Nice, there are some monsters out there, but most likely you'll nab about 5 of them in the 2 - 10 lb range. Your setup as described sounds just fine. Use a decent size hook (large than 4), catulpa worms are known to be lethal, cut up bluegill and herring are second choice. Place a good heavy weight a few feet up from the hook and sit back with some natty light. If you can fish behind a dike, your chances of success will increase, catfish like to sit in the swirling current and suck up food as it goes by. Just be sure not to eat any caught below the mouth of the wolf :LOL2: and be sure to post some pictures.


----------



## nathanielrthomas

Thanks man. Mouth of the Wolf??? And where can you ge those worms? And how many natty lights do you think Ill need? hahahahahaha


----------



## lbursell

And, dont bother wasting your money on any stored-bought prepared baits (stink, cheese, blood, etc.) I've never had any luck with any of those.


----------



## nathanielrthomas

Thanks Ibursell. I was thinking about that stuff until I smelled it..WOW!!! Id much rather deal with cut up fish or worms. 

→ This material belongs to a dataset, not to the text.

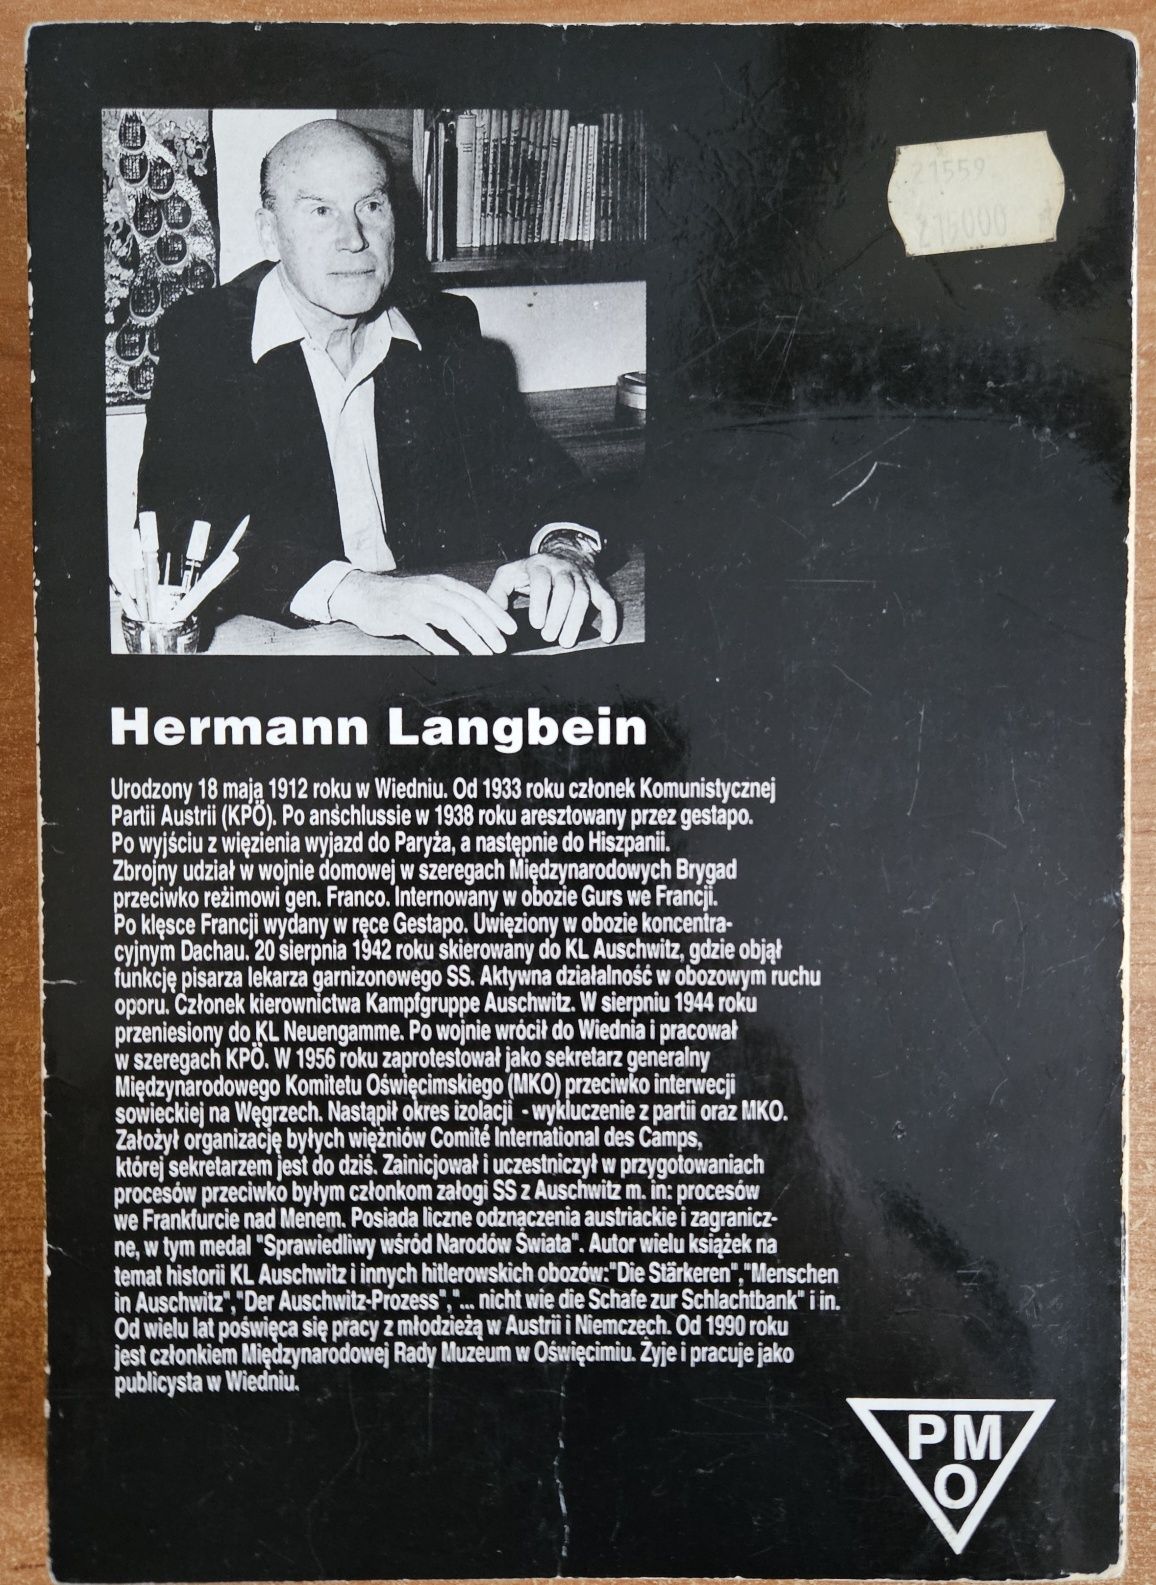 Ludzie w Auschwitz - Herman Langbein

Fortunately for me I bring my own brand of stinky cheese to the party :LOL2:


----------



## 00 mod

Buy some chicken livers and leave em out in the sun for a couple of days!!


----------



## Ictalurus

Catalpa worms are actually caterpillars that are found on the catalpa tree, big green buggers. If you can find some, you are in luck. I usually just keep a few dinks (or whats left over from cleaning fish) from time to time and throw them in the freezer to use as bait later on. The city of Memphis discharges its sewage right at the mouth of the Wolf  , fish upstream from there if you are looking for dinner :LOL2:


----------



## fender66

> The city of Memphis discharges its sewage right at the mouth of the Wolf



How do they get away with that?!!! That's nasty!


----------



## Ictalurus

fender66 said:


> How do they get away with that?!!! That's nasty!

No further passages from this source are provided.